Humanity, no matter how forward looking and hopeful of the future of advancement, always feels or at least acts like it’s living at the end of history. We are good at visualizing the future but are rarely ever correct in our projections. The reason for this is that at our core, we all feel like this, right now, is the most advanced we can get. To us, innovation is a past tense conversation and we only pay lip service to what comes after. In simple terms, as far as we’re concerned, the future changes everything, nothing will be the same again, but it doesn’t cross anyone’s mind that tomorrow morning something new could disrupt the internet and make it a quaint idea. I bet you have a hard time imagining what technology could disrupt the internet without resorting to quasi-technological magic. The internet is the result of a technological evolutionary march, one that was by no means inevitable but may only be just another step and not the destination.
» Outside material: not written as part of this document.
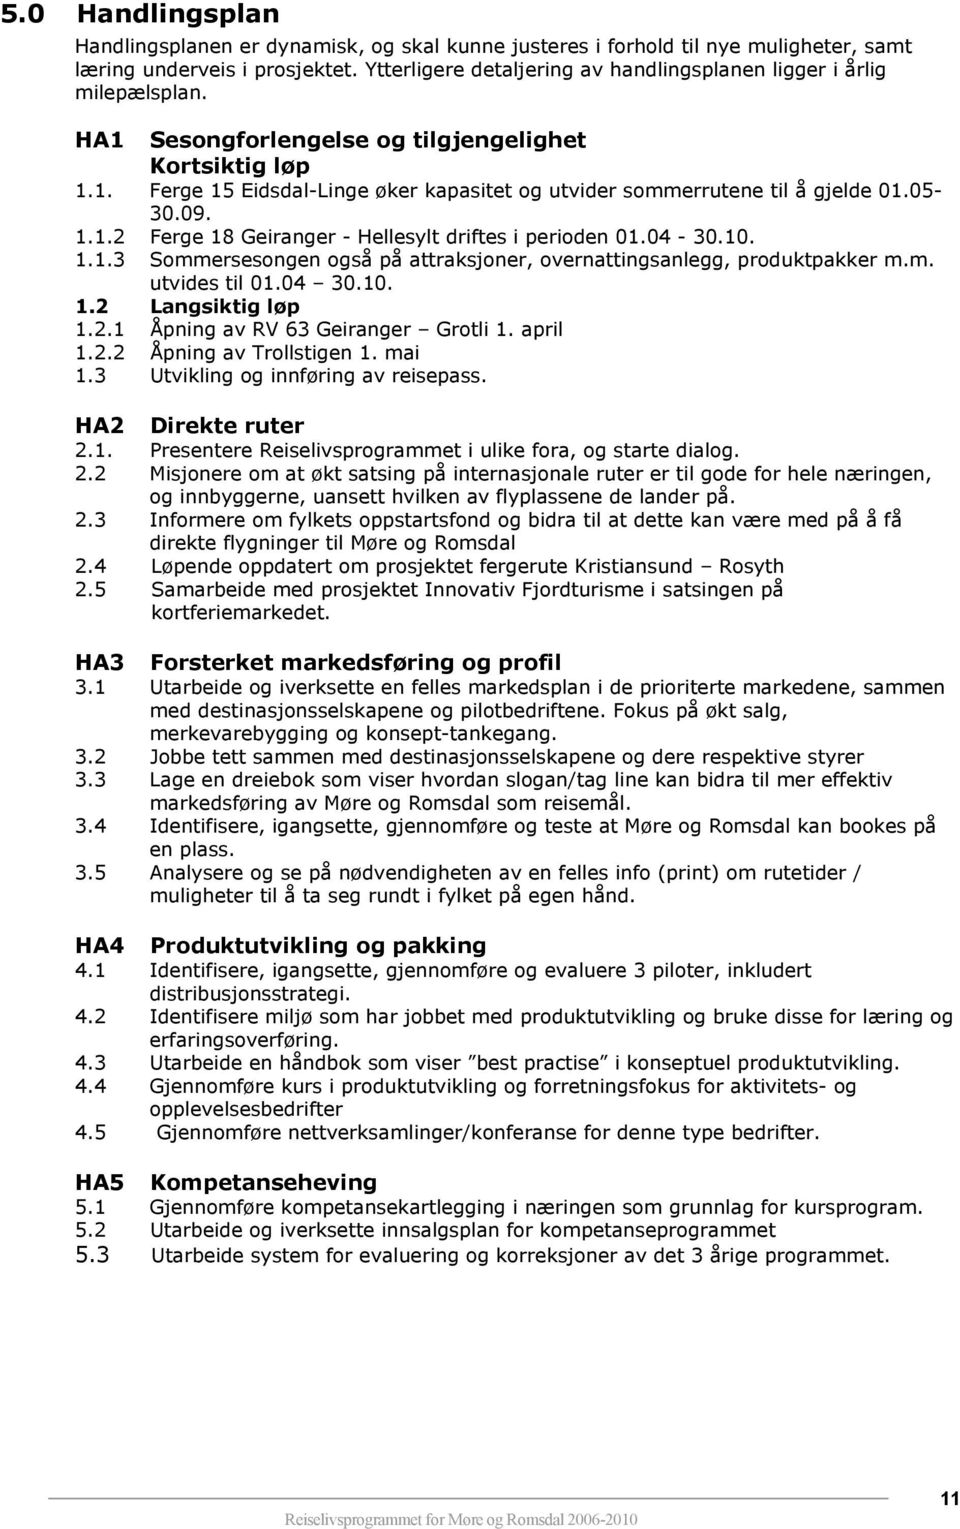 05-30.09. 1.1.2 Ferge 18 Geiranger - Hellesylt driftes i perioden 01.04-30.10. 1.1.3 Sommersesongen også på attraksjoner, overnattingsanlegg, produktpakker m.m. utvides til 01.04 30.10. 1.2 Langsiktig løp 1.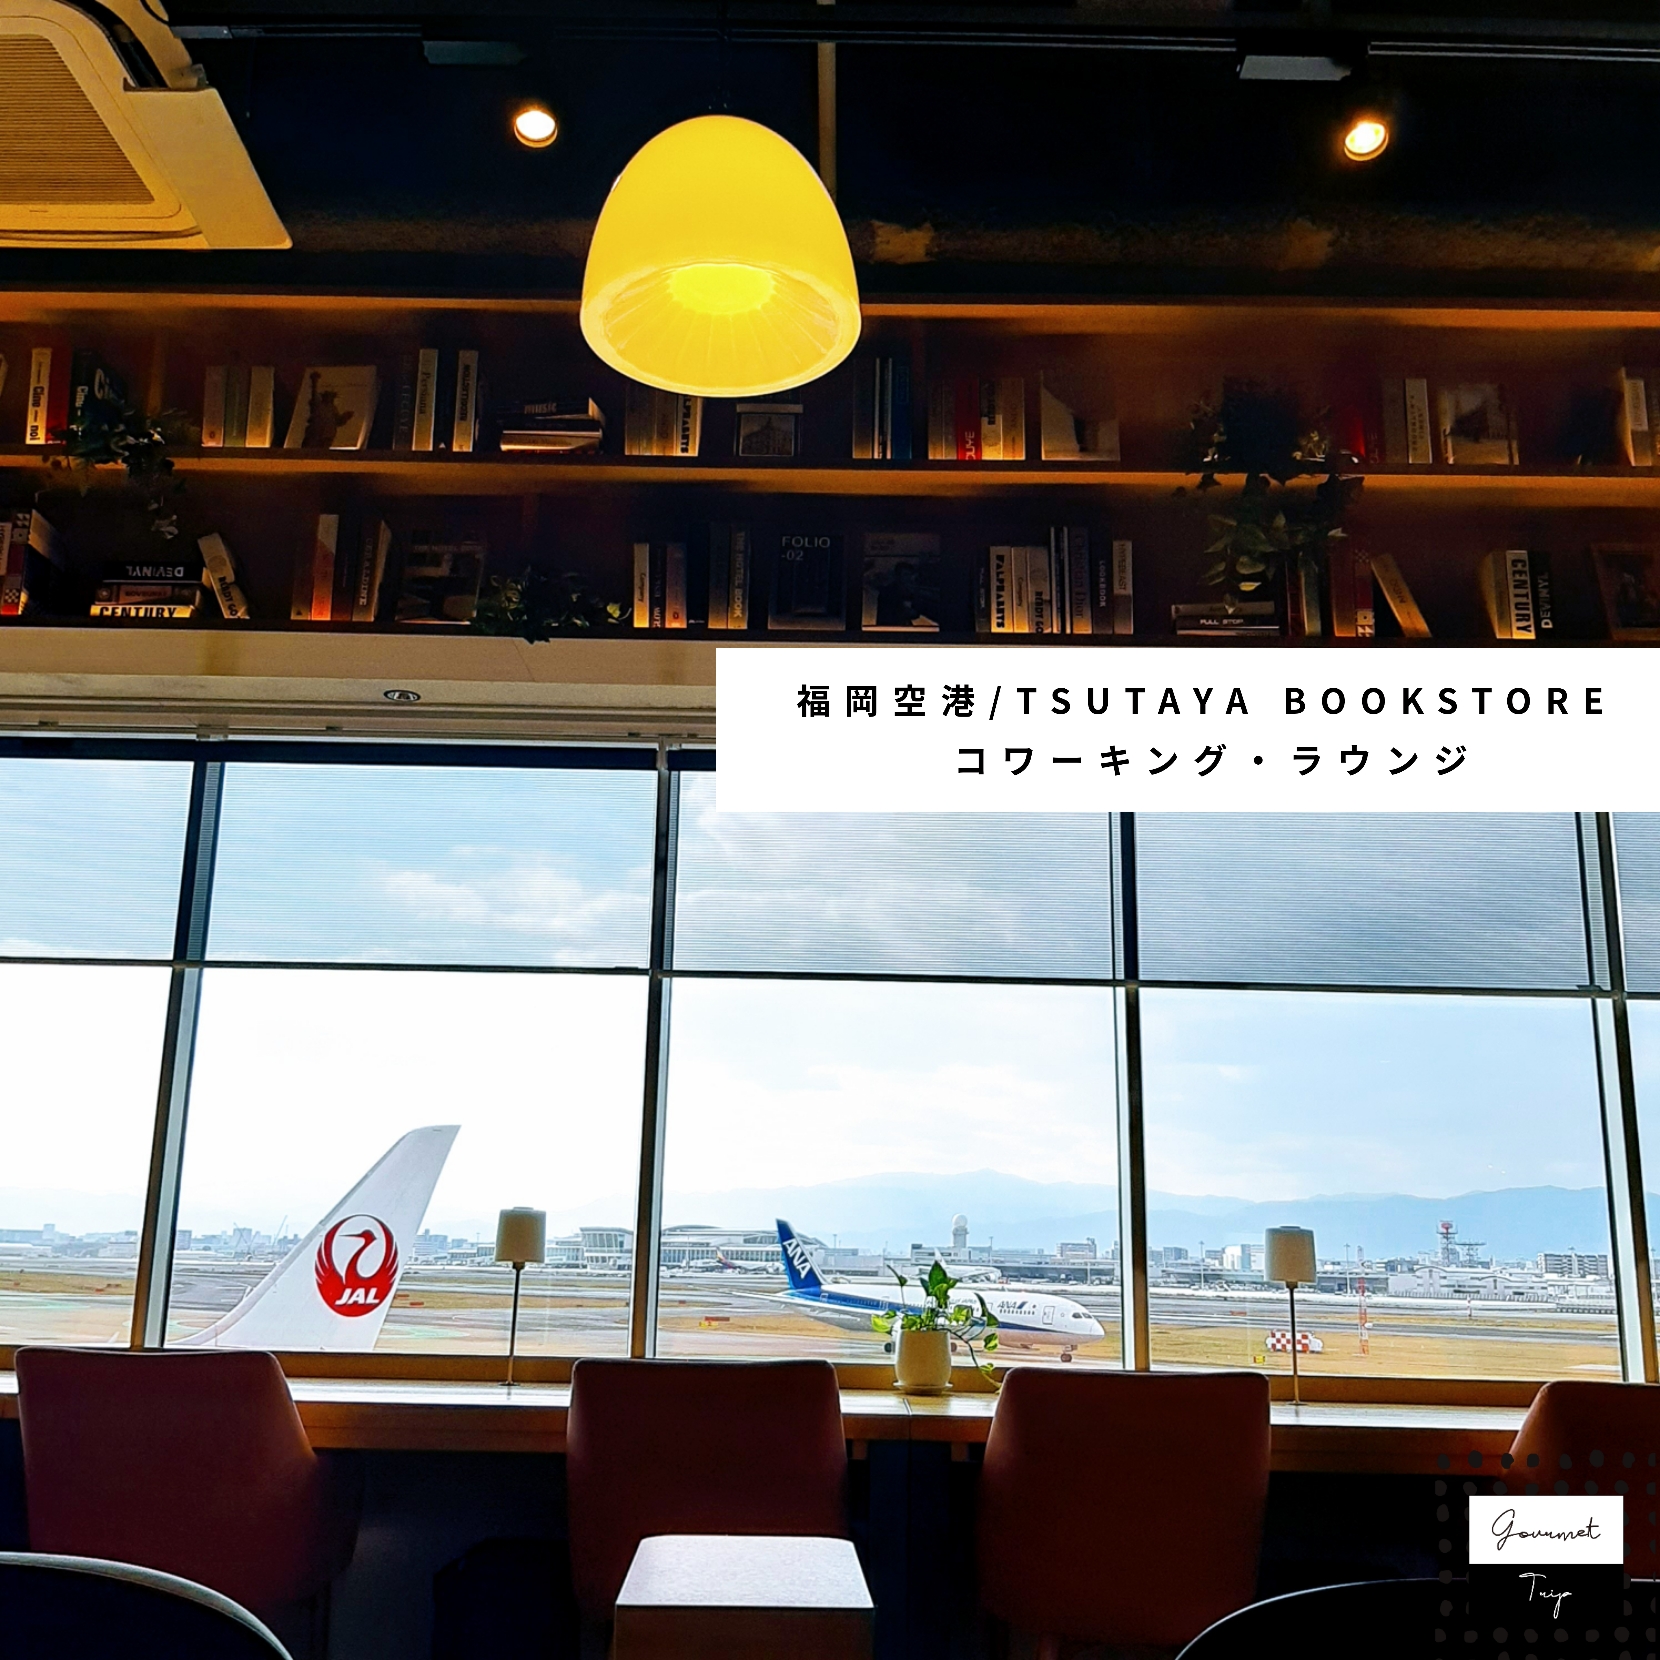 ドトールコーヒーショップ 福岡空港国内線ゲート内店 はやかけんの話 福岡 博多 グルメトリップ

This is my assertion: Facebook, Twitter and the internet did not spark this Egyptian or any other revolution. Furthermore, in the history of technological revolutions, the internet barely ranks as that revolutionary. There were others before and it’s a mistake to clump the mass of its adoption with its impact. This essay is a rebuke of the penny philosophers, the above mentioned Digital Anarchomatics. The internet is not the apex of revolutionary tools. Not only does it change nothing on a fundamental level, it has thus far had the smallest effect of other revolution, though in its defense, it hasn’t been around as long. The internet is to the way we operate now, what a pretty UI overlay is to Nokia’s Symbian operating system. It’s a pretty face or a fancy new look on something fairly shitty. That was a purposely bad analogy, I’m kidding around. The internet is a good thing and it is an advancement on something that has been immensely valuable and positive. I’m merely saying that changing the color scheme or appearance does nothing to change the fundamental nature of the thing beneath.
In the words of the brilliantly written Battlestar Galactica, all of this has happened before and will happen again. In fact, the Battlestar Galactica remake, for anyone on top of the premise, is the perfect analogy for what the internet is. I’m sorry my revolutionary brethren, there will always be need for government/governance and the internet will not change that. I’ll even go so far as to say you will demand governance and control and make it happen. In this case the revolutionary is the seed of the revolutions own destruction. The internet will and has changed the way we work, play, and govern, but you are sorely mistaken if you think it will undermine the power of existing authority and push governance out of the hands of governments. My final assertion is that the idea that nowadays every revolution is a social one is poppycock. Every revolution has always been a social one, that’s the nature of such things.